Air Quality Research Using Satellite Remote Sensing
Application of satellite remote sensing data for air quality
Satellite remote sensing provides data on air quality. The spatial gaps of ground monitoring resources are inevitable, and satellite data are able to fill in air quality information in areas without a ground monitor. There are numerous satellite data that can indicate criteria air pollutants (e.g., PM2.5 and NO2) and greenhouse gases (e.g., CH4 and CO2). The selection of satellite data to address specific air quality issues depends on data accuracy and spatial and temporal resolution among others.
CARB staff have been actively involved in satellite remote sensing research to answer air quality questions. We estimated ambient PM2.5 concentrations using NASA’s Moderate Resolution Imaging Spectroradiometer (MODIS) Aerosol Optical Depth (AOD, 10 km resolution) data and land use regression in California for 2006-2012 (external link to journal article). AOD is a measure of light extinction (i.e., scattering + absorption) by atmospheric aerosols, thus enabling AOD to be a predictor of ambient PM2.5. This research enhanced our understanding of PM2.5 spatial distribution that might not be shown only with ground PM2.5 monitors. Due to the expanded spatial coverage of PM2.5 concentrations, estimates of PM2.5 concentrations from satellite data can be useful for numerous air quality studies including but not limited to the identification of air pollution hotspots, health effect studies, and air pollution trends.
CARB staff also participated in a collaborative research to estimate PM2.5 species concentrations (i.e., sulfate, nitrate, organic carbon, and elemental carbon) using satellite data in Southern California for 2001-2015 (external link to journal article). This research took advantage of recently developed 4.4 km resolution Multi-angle Imaging SpectroRadiometer (MISR) AOD data. Estimates of PM2.5 species concentrations are useful to show the relative contribution of each composition to total PM2.5 and thus strengthen our understanding of source types for PM2.5. Decreasing trends of all PM2.5 species concentrations for the 15-year period showed that air pollution mitigation strategies have been working in the study region.
Other remote sensing research for air quality and climate change
CARB has recently funded research projects using remote sensing techniques. Remote sensing instruments can be deployed not only on satellites but also at ground and in the aircrafts. The following research shows remote sensing applications for multiple air pollutants and greenhouse gases.

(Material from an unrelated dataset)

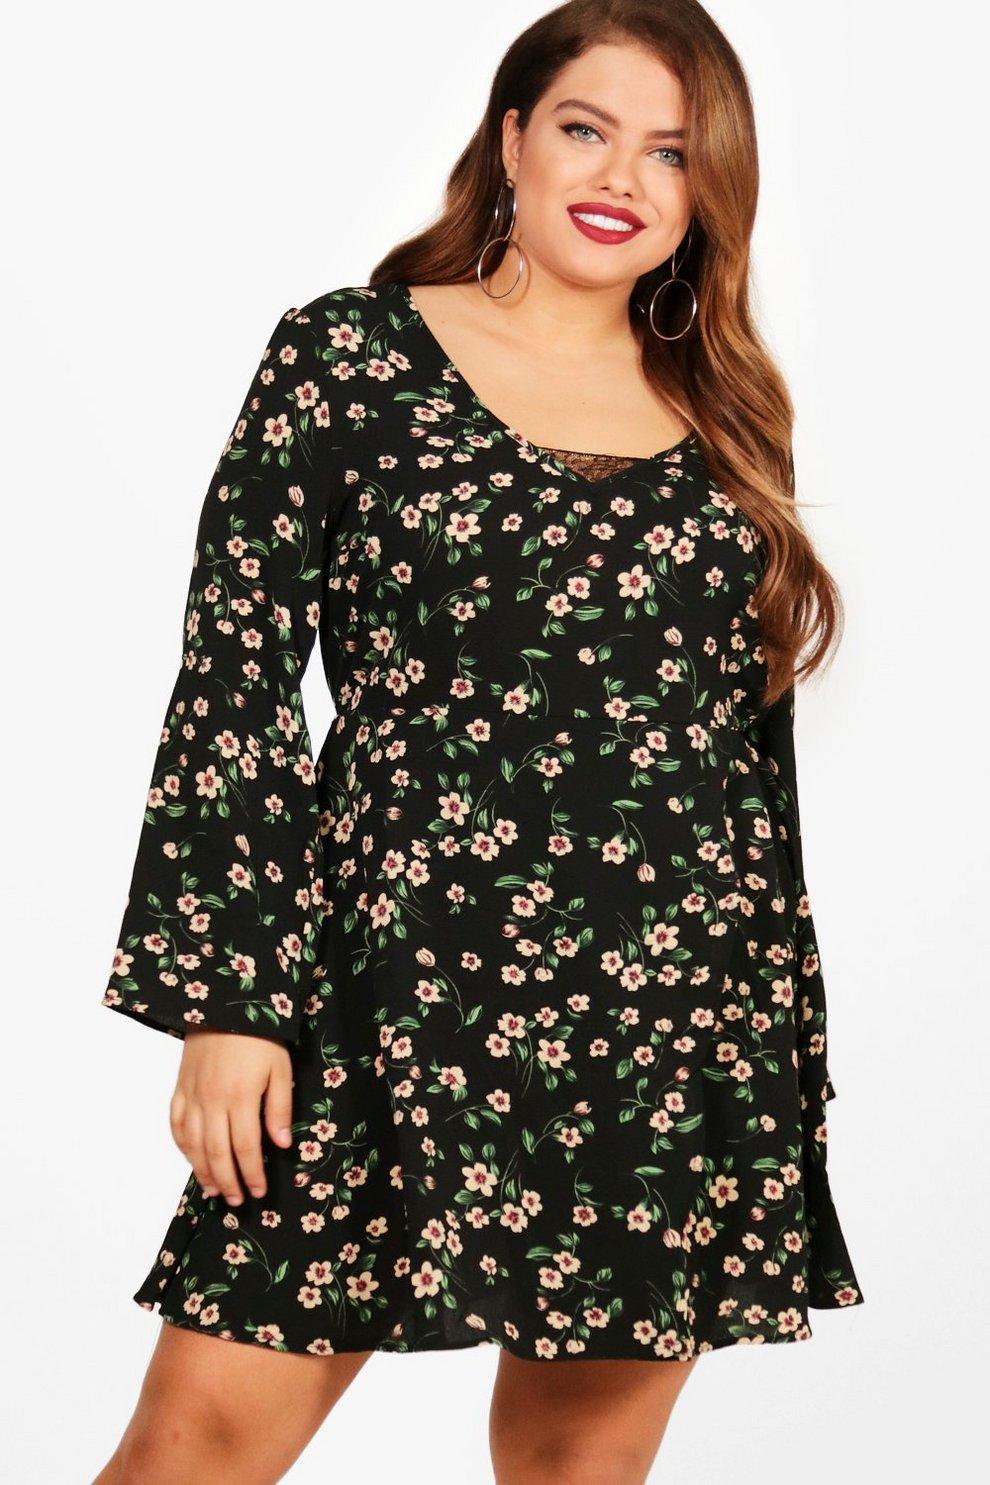 ef431a22695bd Womens Black Plus Floral Lace Insert Skater Dress
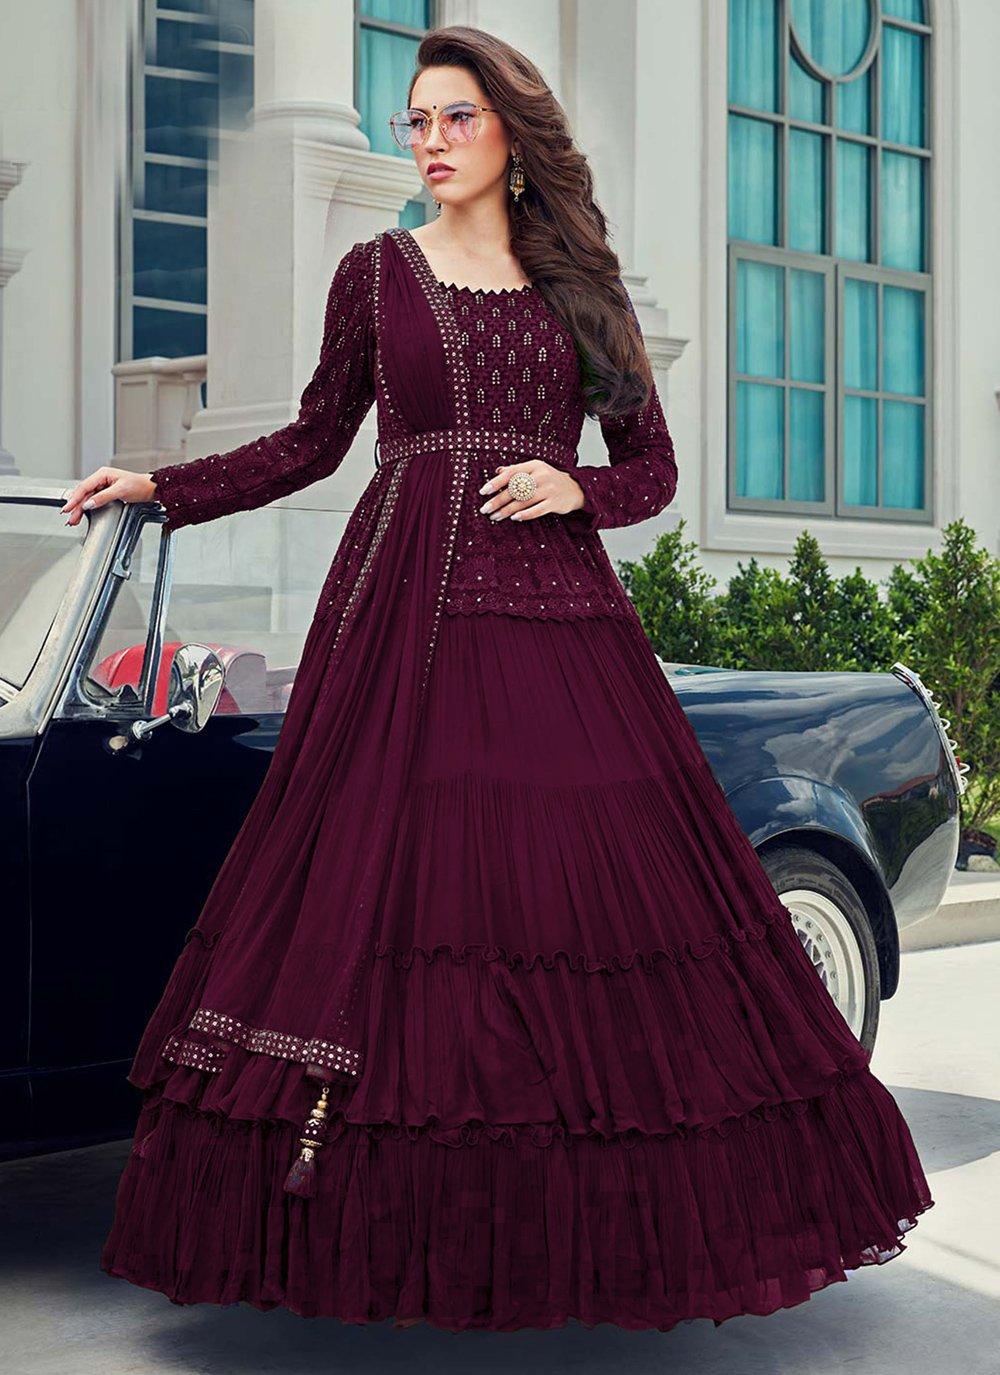 Faux Georgette Sequins Anarkali Salwar Suit in Wine

Determination of the Spatial Distribution of Ozone Precursor and Greenhouse Gas Concentrations and Emissions in the LA Basin (Contract 09-318, Completed in 2015) The investigators developed two remote sensing methods to scan the LA basin with remote sensing instruments located in NASA/JPL’s California Laboratory for Atmospheric Remote Sensing (CLARS) on Mt. Wilson (1673 meters ASL). Despite the single monitoring location of the instruments, the high-altitude deployment of the remote sensing instruments enabled the measurements of trace gases, aerosols, and greenhouse gases in the whole LA basin. This study also examined temporal variability in ozone production efficiency, indicated by (HCHO:NO2) ratios, and generated top-down estimates of CH4 and CO2.
Airborne Visible/Infrared Imaging Spectrometer-Next Generation (AVIRIS-NG) for California Statewide Methane Survey (Contract 15RD028). The Survey is a collaborative study of CARB, California Energy Commission (CEC), and NASA/JPL to identify methane emission sources at the facility level. NASA/JPL’s airborne methane imaging was performed by using the AVIRIS-NG instrument. Phase 1 of the Survey was funded by CARB, interim Phase 1 report is available for public review.